----- Source material -----
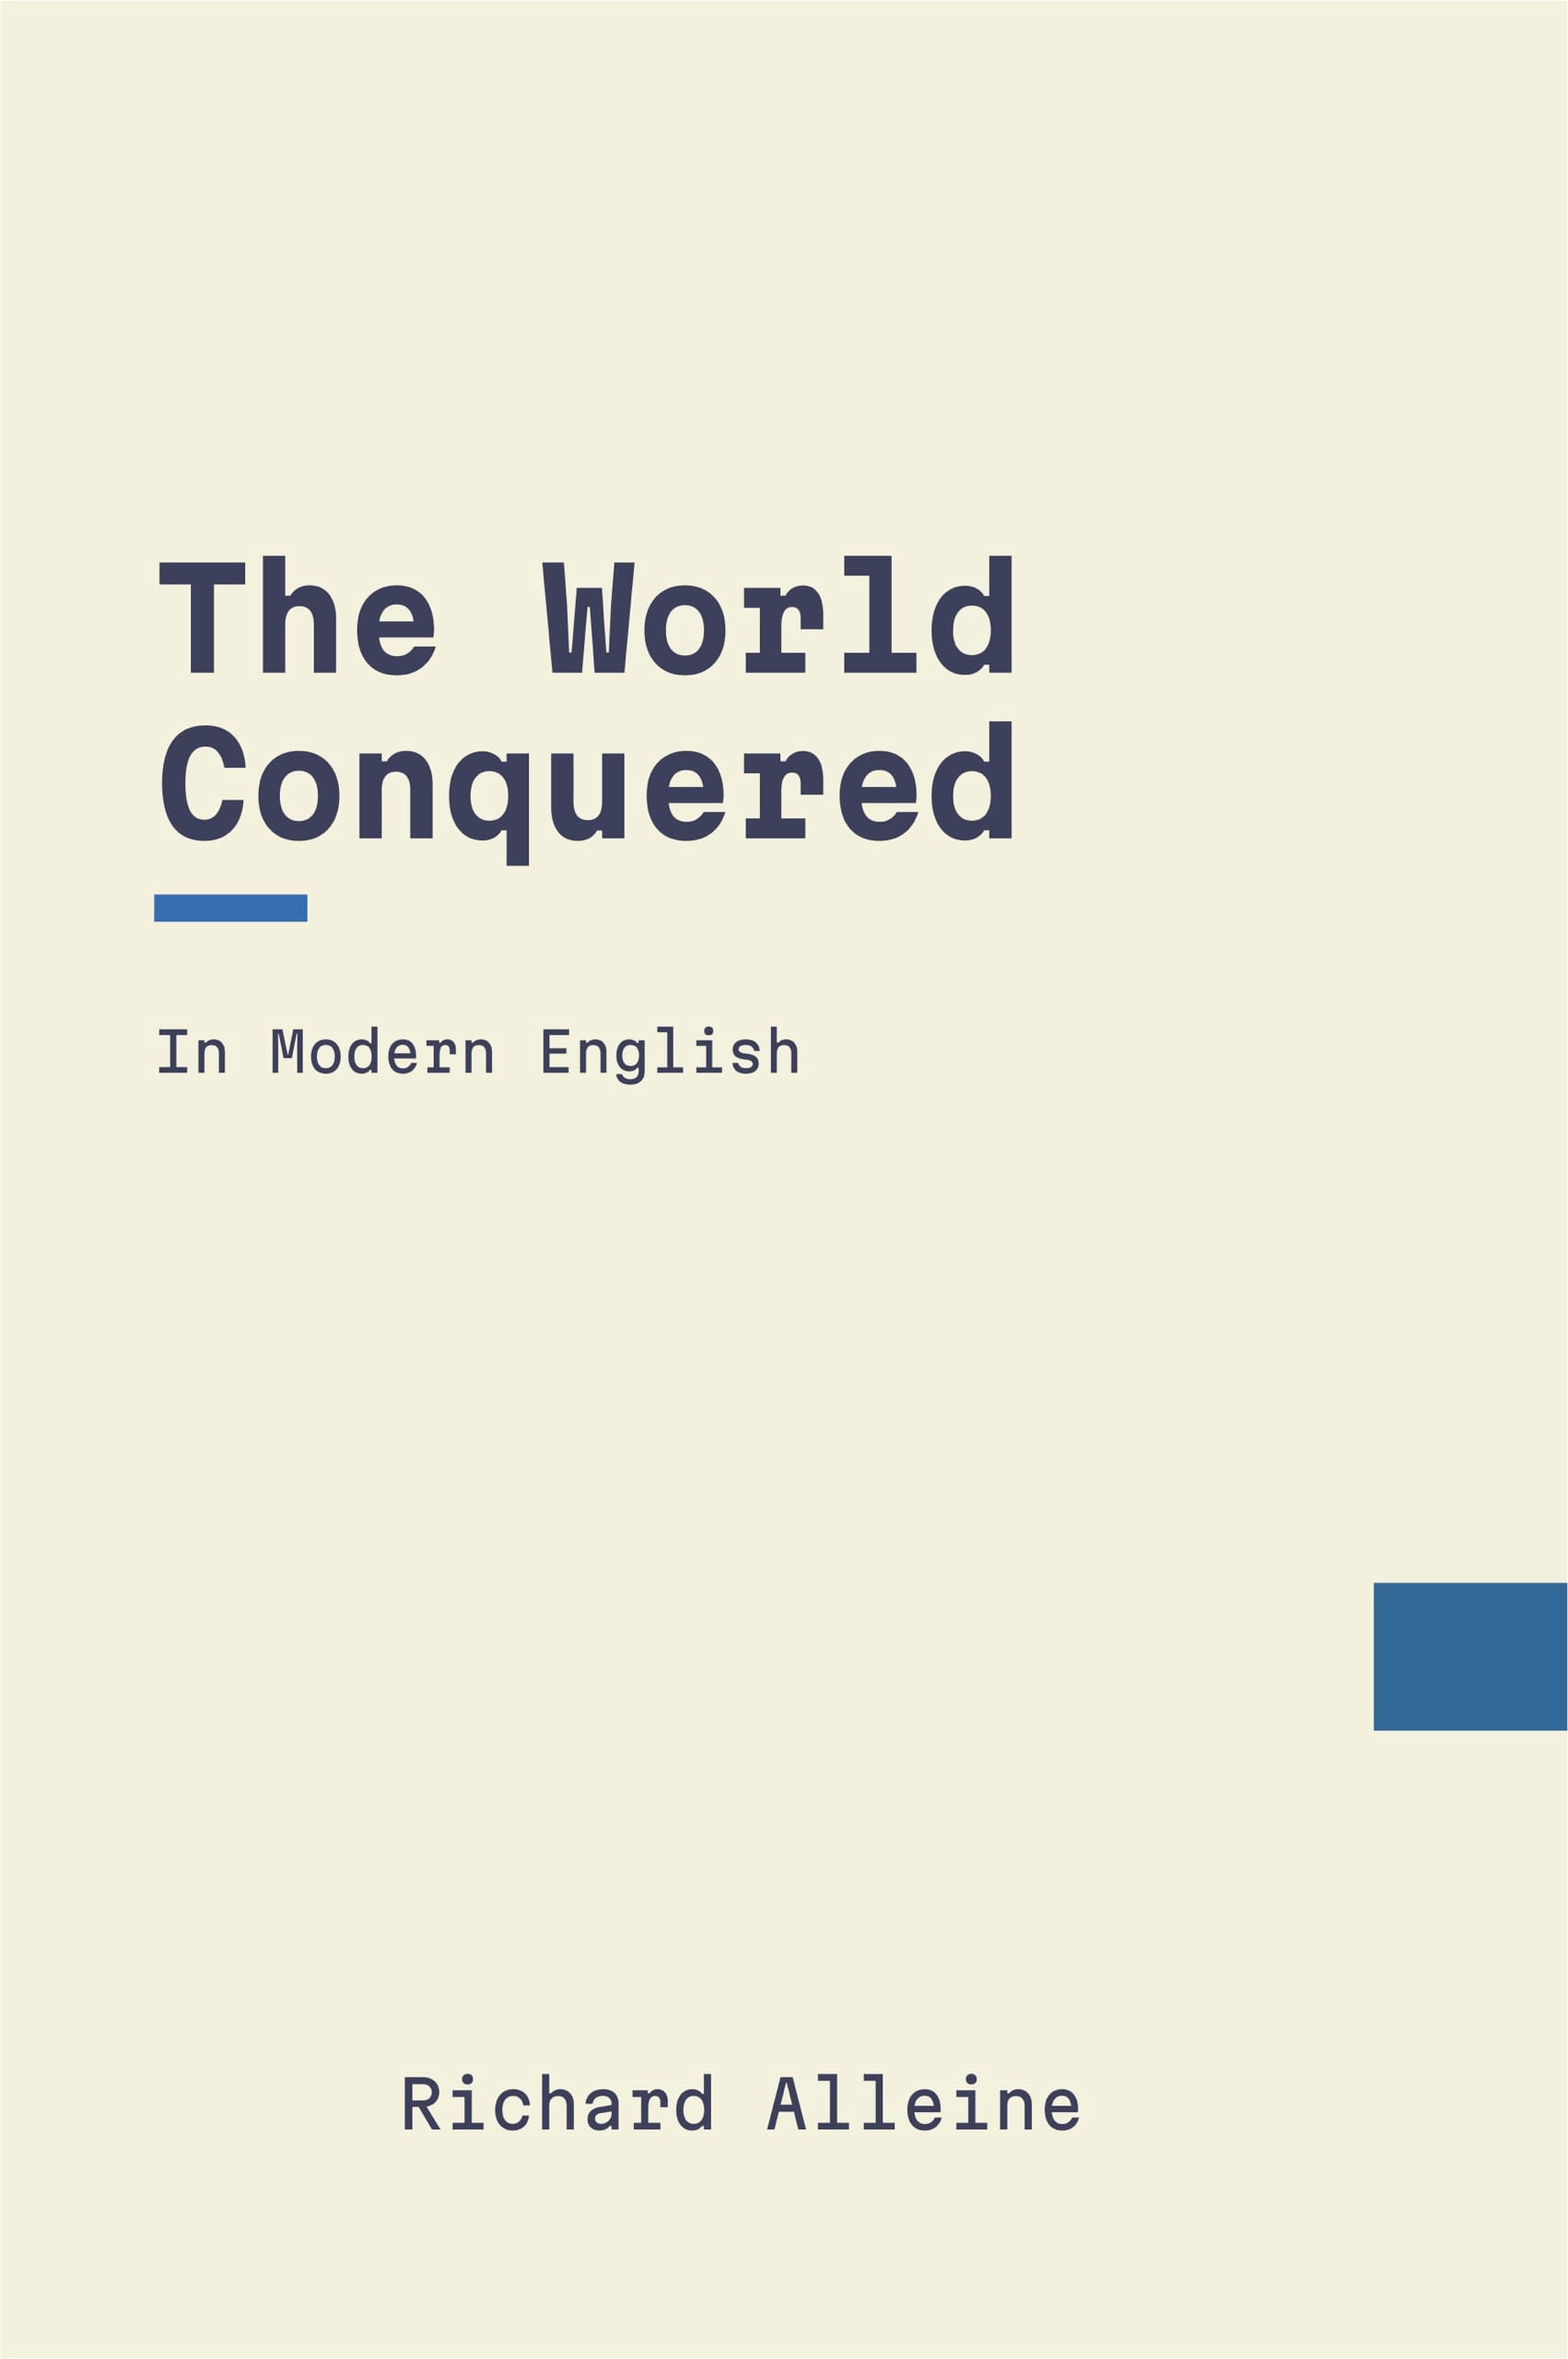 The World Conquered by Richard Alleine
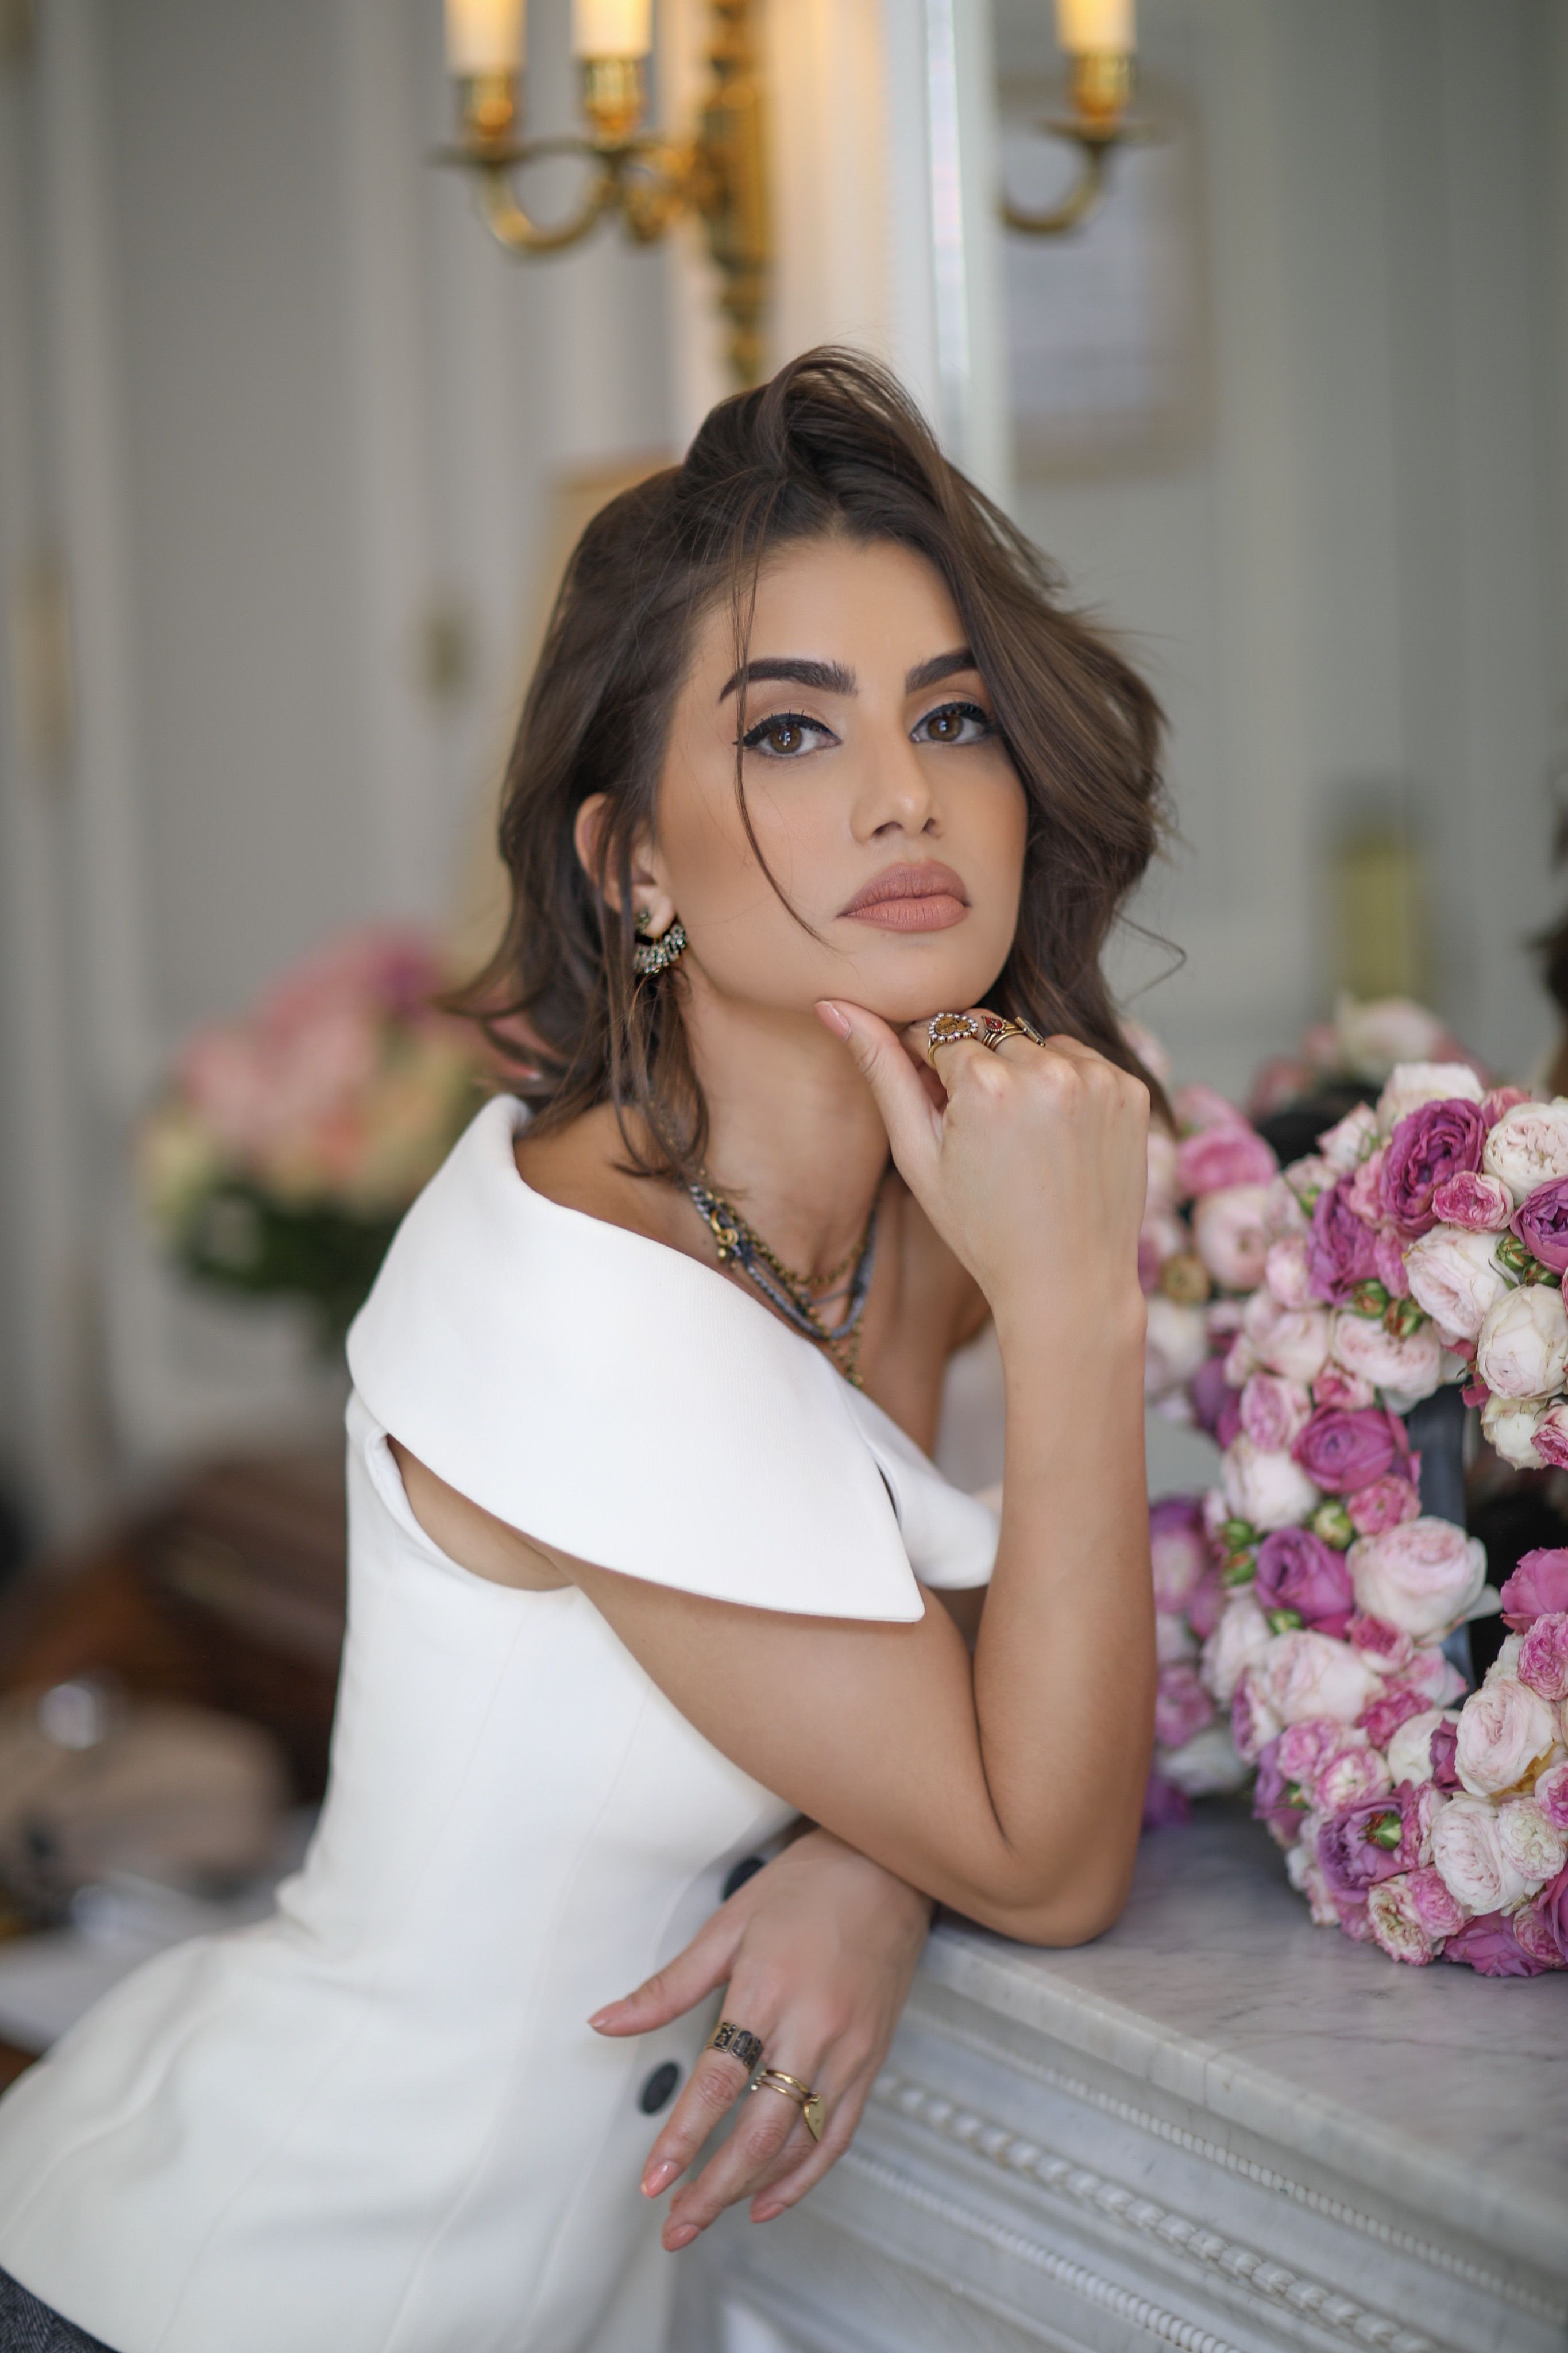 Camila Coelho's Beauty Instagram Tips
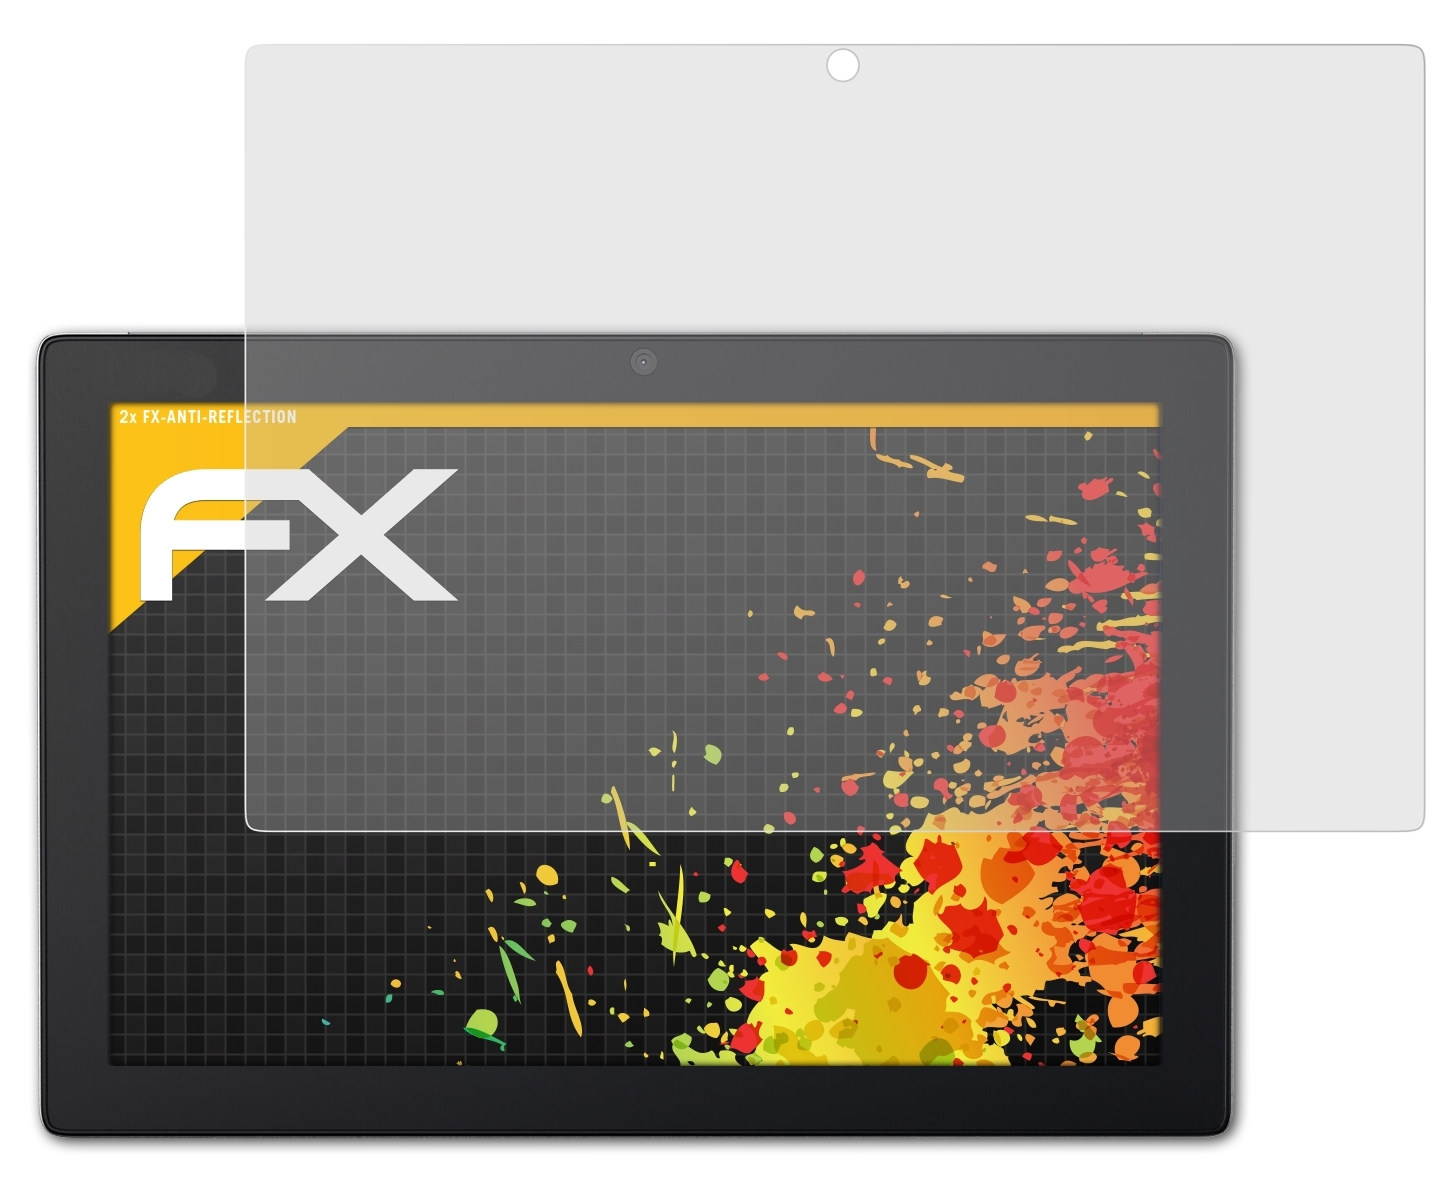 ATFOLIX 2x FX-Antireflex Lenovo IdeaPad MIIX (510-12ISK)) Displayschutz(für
-----
The listing must be repeated word for word, and none of its pictures may appear in the copy.

 The World Conquered by Richard Alleine
 Camila Coelho's Beauty Instagram Tips
 ATFOLIX 2x FX-Antireflex Lenovo IdeaPad MIIX (510-12ISK)) Displayschutz(für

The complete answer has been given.